Но оказалось, письмо было адресовано Томасу. Стояло в нем следующее: "Это правда, что ты Вильяма и Каспара насосом отчморил и обоссал обоих?" Я сунул бумажку супермену под нос. Грозный взгляд Медведя в этот момент пронесся над классом, так что мы залегли в траншею. К доске вызвали девочку Адамс.
— Это преувеличение, — Паровозик постучал по кривым строчкам пальцем с заусеницами. — И вообще, все было совсем не так.
Я возвел очи к небу, взял карандаш и сочинил ответ: "Анонимки не рассматриваются. Но если тебе хочется того же, подпишись, и я организую". Томас хихикнул, скатал бумажку в комок и швырнул через плечо. Сзади кто-то закашлялся, кто-то фыркнул громко, по ходу, девчонка.
— Луиза, тебе хочется помочь Наташе у доски? — проревел Медведь.
Я показал Паровозику под партой большой палец.
На перемене вокруг нас вился Андреас. То он приставал со своими сальными анекдотами, вроде "Вы знаете три недостатка п…зды? Если ты п…зда, то живешь в дыре. Там всегда мокро. А соседка у тебя — жопа". То рвался угощать раскисшими карамельками. То предлагал налить в гандоны воды и кидать со второго этажа в девчонок. Короче, пацан явно пытался сменить команду. Под конец он меня так забодал, что я его за ворот сгреб, к себе подтянул и говорю:
— Слышь, ты, шавка! Катись-ка отсюда, пока я тебе пенделей не надавал. Иди, Вильяму там и корешам жопу лижи. А я очко подставлять не собираюсь.
Ну, пошаркал он в класс, типа обиделся. А Томас морщится:
— Зачем ты с ним так, Джек? — и смотрит, как будто я у малыша мороженку отнял.
Я плечами пожал:
— Не люблю жополизов.
— Я тоже. Но можно же с людьми по-человечески разговаривать.
Меня прям как под дых ударили.
— А, — говорю, — понятно! Джек же быдло. Только и может, что матюгаться да цепью махать. Когда на некоторых наезжают, когда проблемы, Джек в самый раз. А как устаканится все, так Джеком подтереться можно. Знакомая, знаешь, такая песенка.
Томас пытался меня остановить, шлепал чего-то губами, но я не слушал его. Отпихнул в сторону, послал по адресу и ушел. Вообще ушел, только рюкзак из класса забрал. Раз я физру прогуливаю, то и все остальное могу прогулять — семь бед, один ответ. А шины этому оленю завтра по почте придут. Пусть ими подавится.

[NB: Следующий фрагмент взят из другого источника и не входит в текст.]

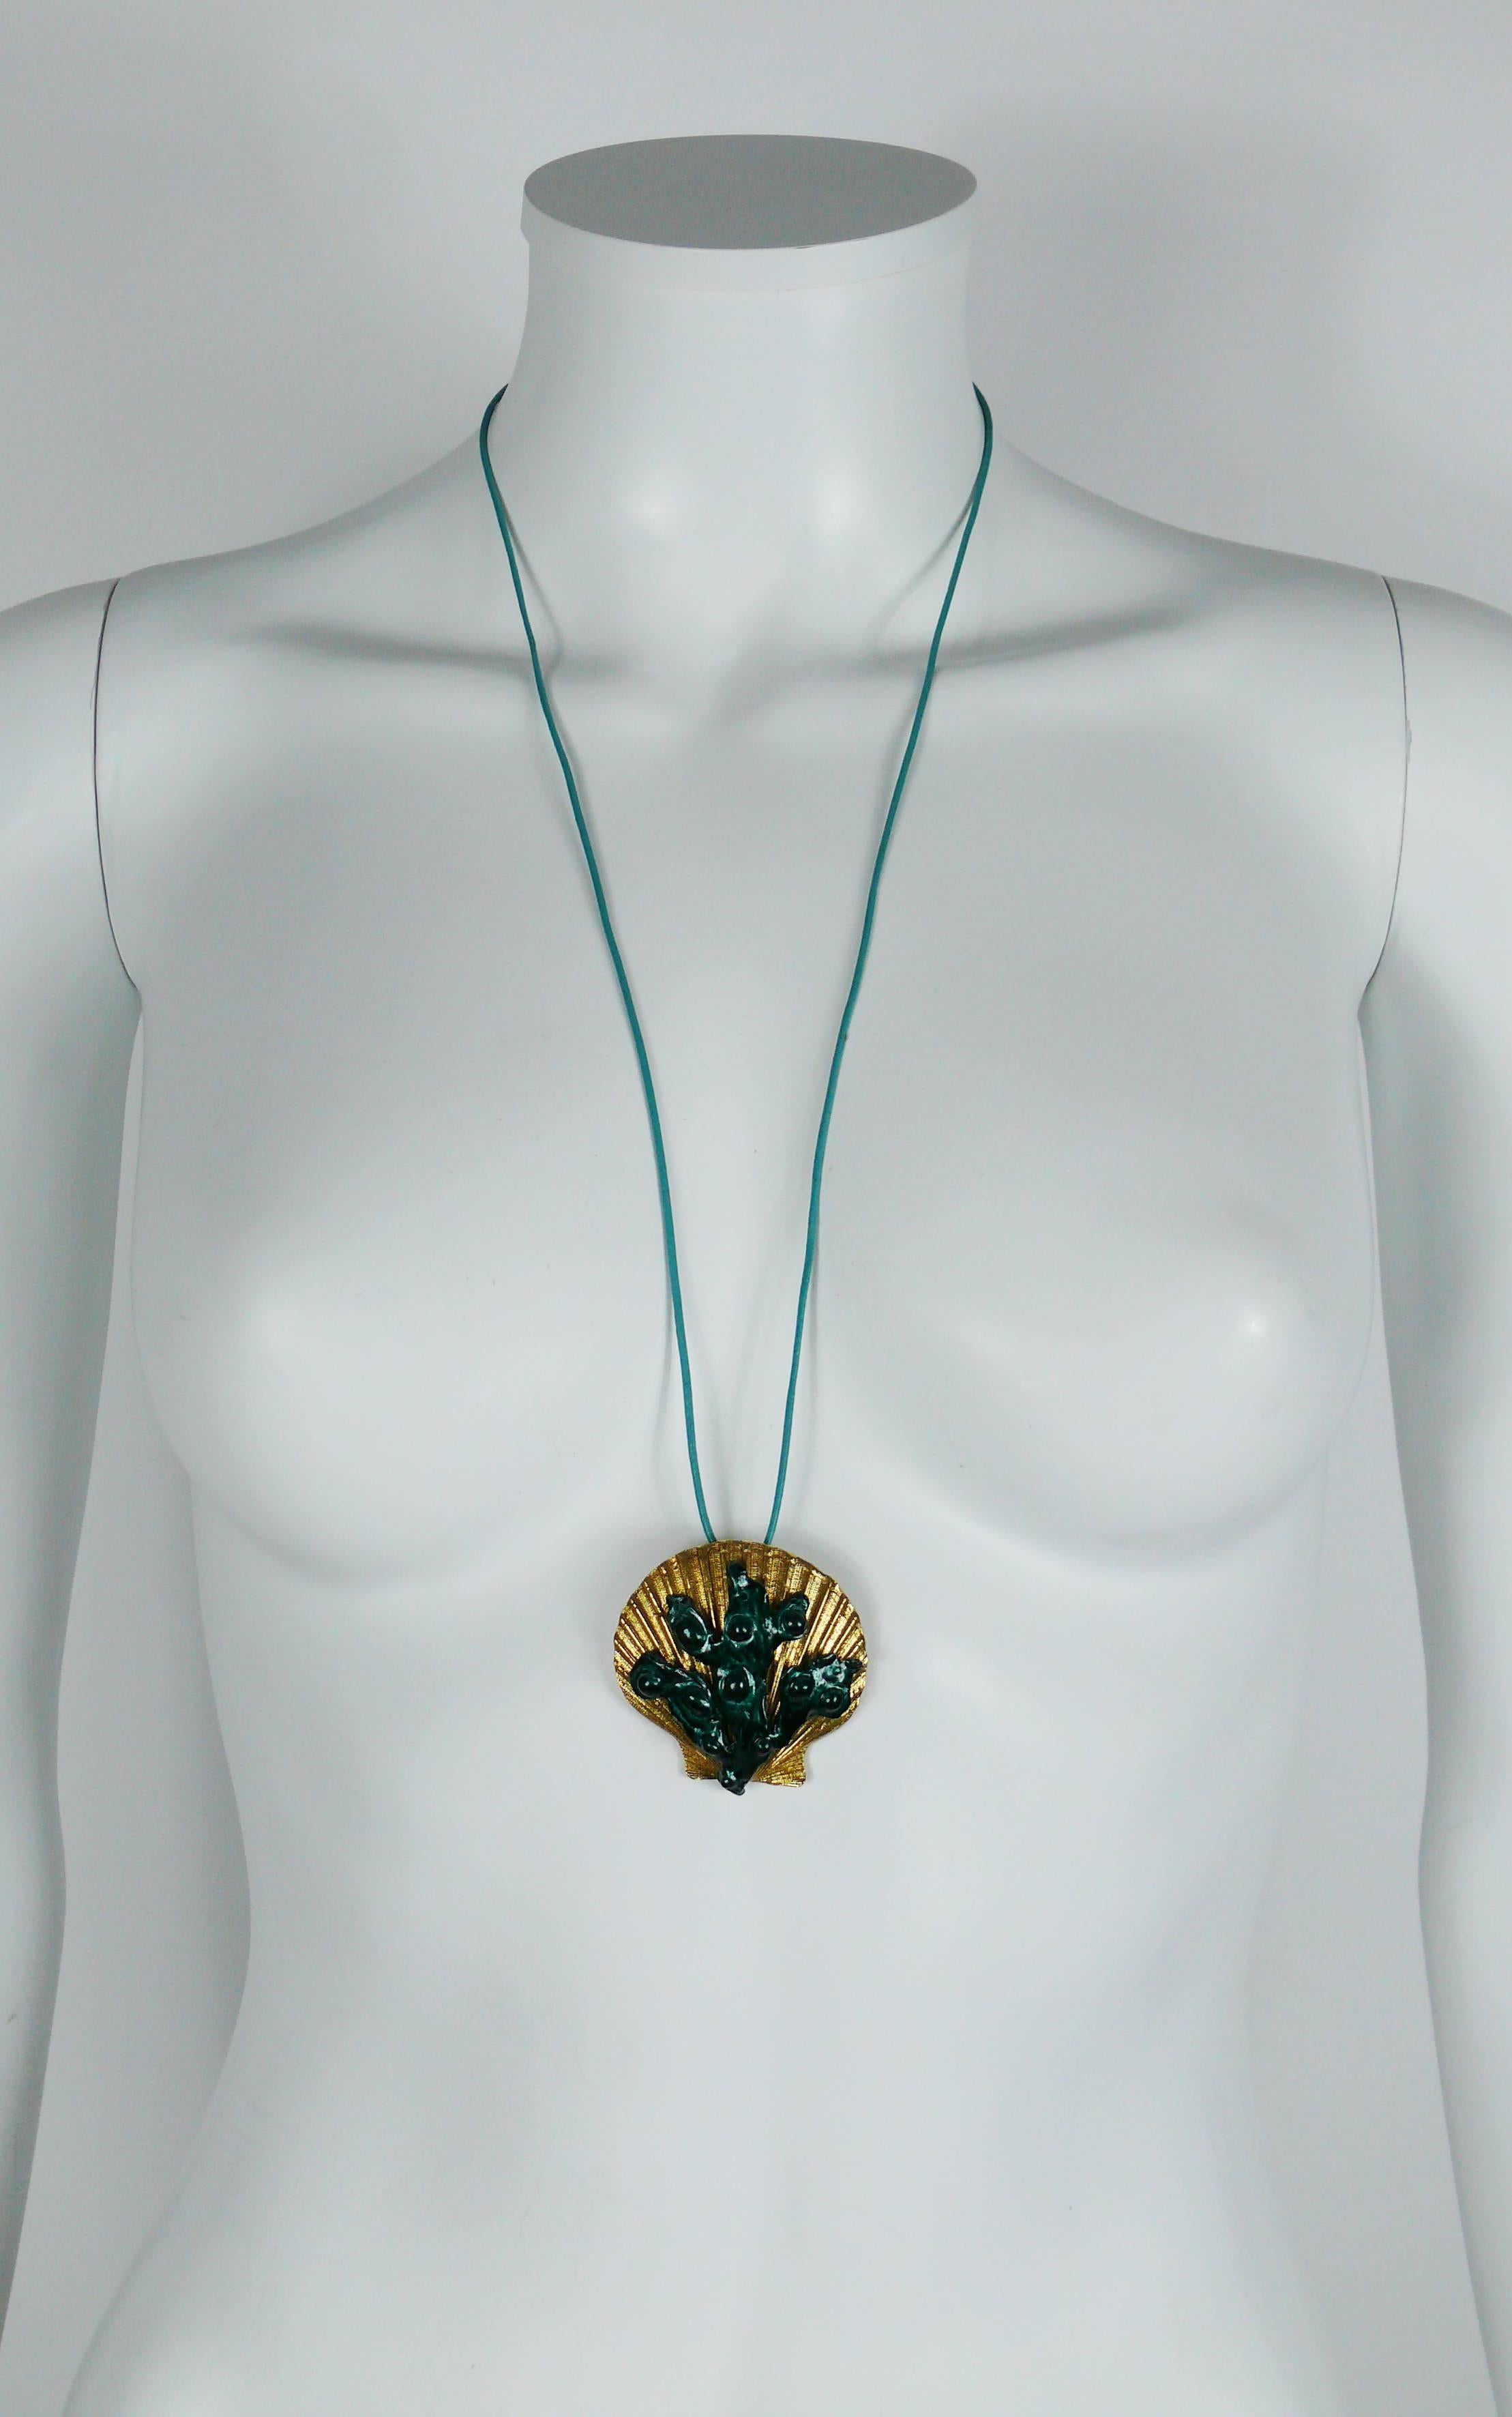 YVES SAINT LAURENT vintage pendant/brooch featuring a gold tone shell embellished with a green enameled seaweed appliqué.

Comes with a lagoon blue color thin leather cord (length worn approx. 29 cm / 11.42 inches).

Can be worn as a brooch or

Вечером после ужина я сидел у себя в комнате и пялился в экран, на котором светился белизной чистый документ Ворд. Вообще-то это я типа писал сочинение по датскому. Уже почти час. Со скрытой странички звучал Людовико Эйнауди. Мне удалось, порывшись на ютубе, выяснить, что именно его "Примаверу" играла Лэрке в тот день, когда у меня в голове сложился стих. Вот только теперь ничего не складывалось. Ни единой строчки.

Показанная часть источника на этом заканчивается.